Could commonplaces be the solution?

Reading Analysis 4

In chapter 8, “Toward a New Sociospatial Dialectic,” of David Fleming’s City of Rhetoric, he argues that the built environment such as public space influences the type of work and people that derive from the particular area. In other words, for Fleming, where you come from shapes what possibilities you have. Therefore, location makes it increasingly difficult for those living in areas lacking resources. Fleming continues to analyze his proposed ideas of communities such as the perfect self-governed group of people around 50,000-100,00. Through interaction, by bringing people together “toward a new sociospatial dialectic,” there is a possibility to overcome the divides amongst a community.

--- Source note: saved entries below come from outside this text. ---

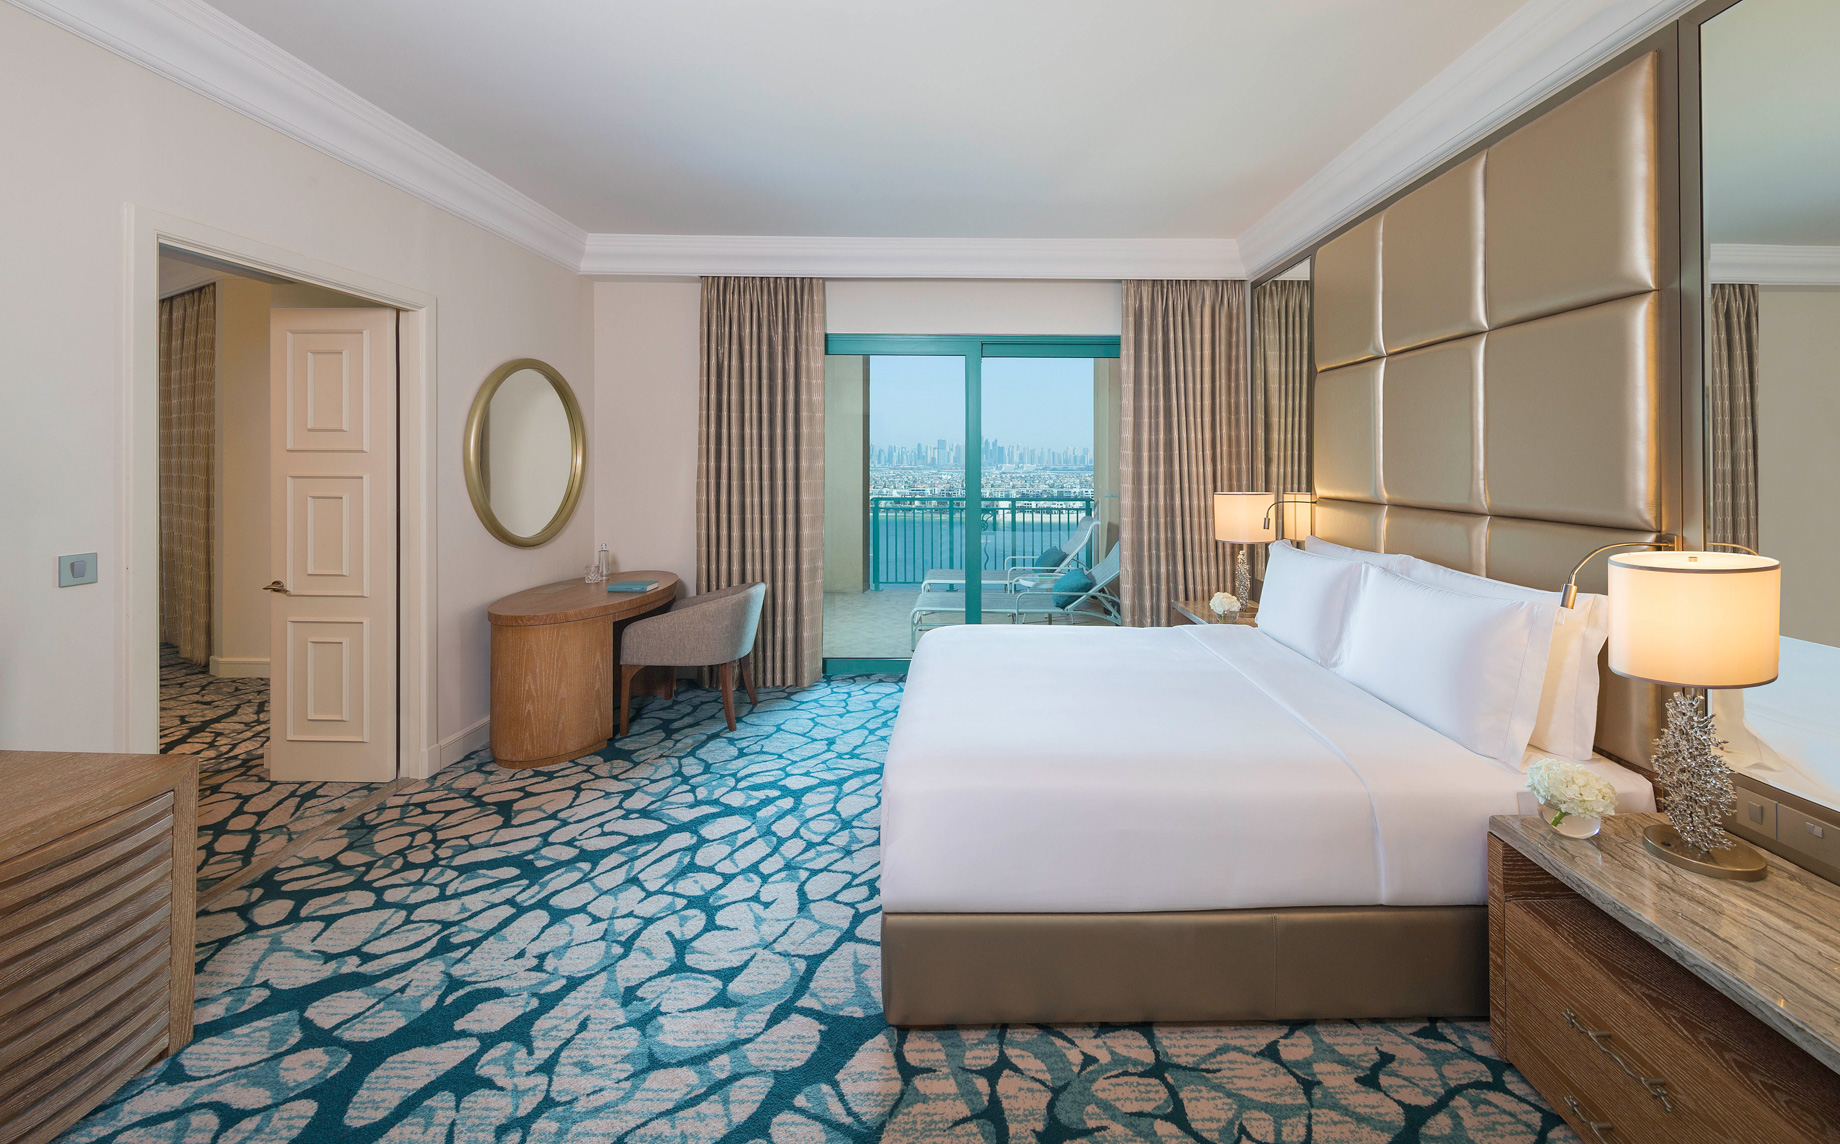 Atlantis The Palm Resort – Crescent Rd, Dubai, UAE – Terrace Club Suite Bedroom
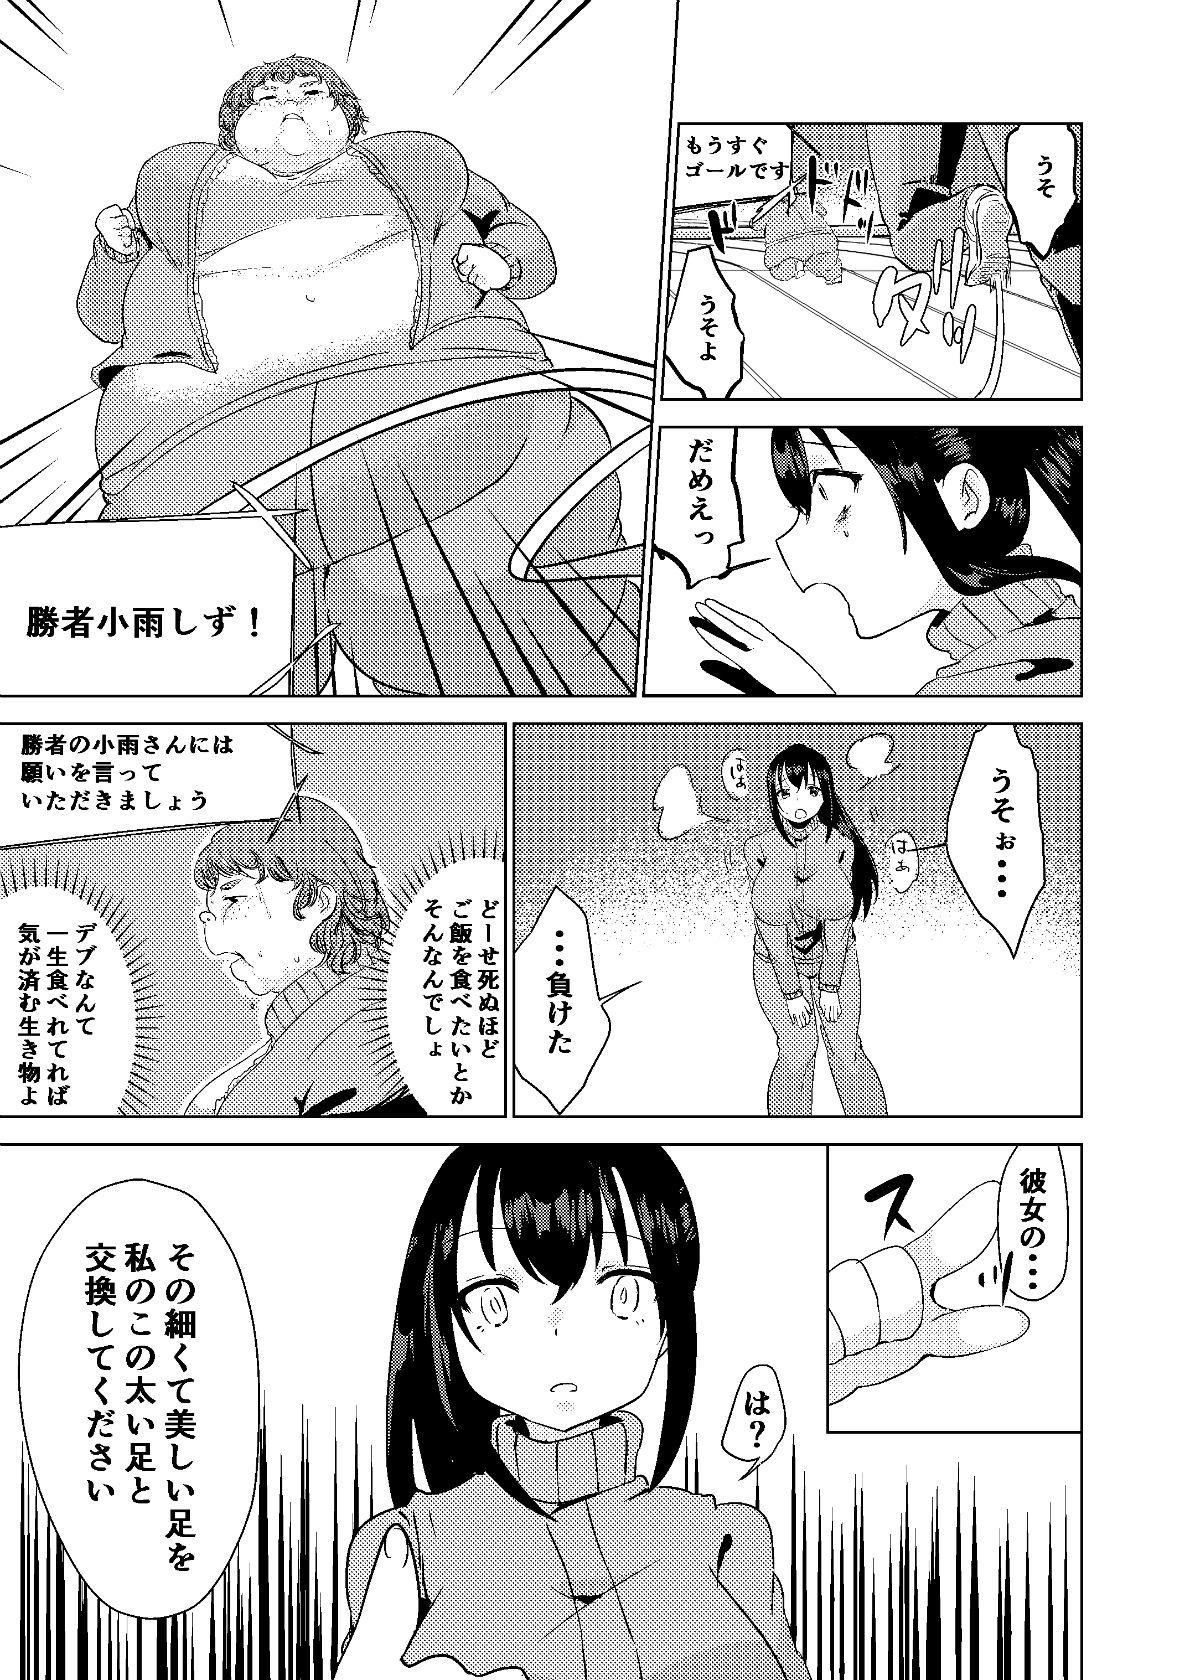 All Kyou kara Watashi wa Anata ni Naru. - Original Publico - Page 11
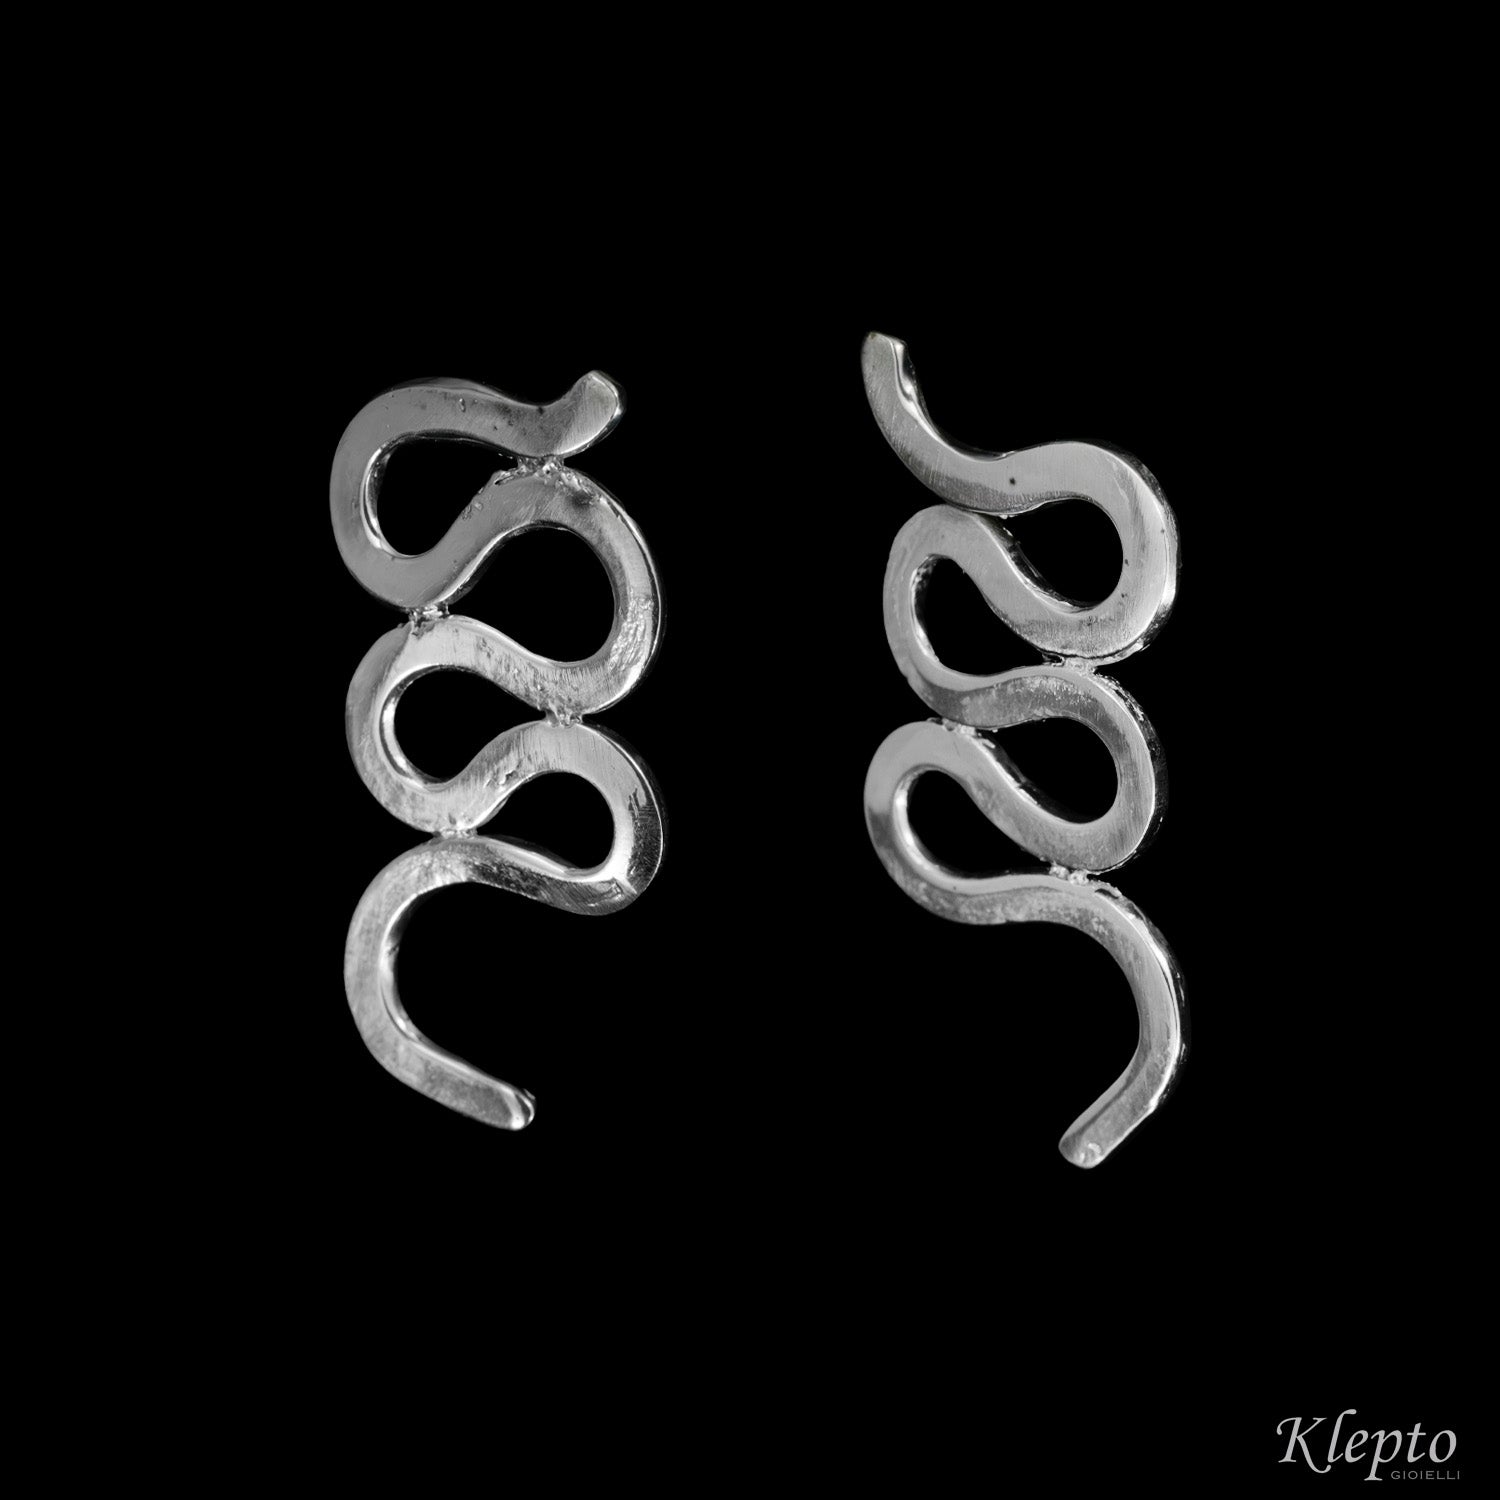 Silnova® silver earrings with wavy wire

Fleming brings to question, in my opinion his most influential notion that there is a close relationship between physical location and an individual. Furthermore, each town or city has a unique feel to it with both positive and negative attributes. Some places are able to succeed better than others when there is a common goal which everyone shares. This leads to Fleming’s conclusion that place and rhetorical well-being are linked as well (184). Fleming describes that “the only way to build a self-governing community in our society…is to make sure that they are all relatively similar in background and goals” (183). When people come from similar backgrounds it is easier to understand one another right off the bat. Unfortunately, it is difficult for two groups of widely different backgrounds to come and settle in one place. A good example is regarding the Cabrini Green housing projects. Some of the local residents living near the housing project are not fond of the apartment building. They don’t want massive amounts of people moving into their community and look down upon the Cabrini Green residents. This is simply the root of all tension in the community.

Suburbs vs. city life. Many benefits of living in a diverse area rather than being trapped in a bubble on land.

Fleming concludes this section by proposing the concept that poverty is not caused by the “poor people themselves but rather the poor quality of their environments”(194). Some factors of the environments can include the public schools, crime rates, the number of accessible jobs, and racial and economic segregation in the area. In most circumstances it is hard for those born into poverty to escape due to the lack of support from their communities. Simply put…”place matters.” So what’s the solution? Commonplaces. Fleming feels that commonplaces will bring the entire community together and give the residents a common ground to which they can build a relationship (191). However, commonplaces aren’t just physical. Commonplaces can foster a sense of well-being amongst the residents and improve the general atmosphere of a given area.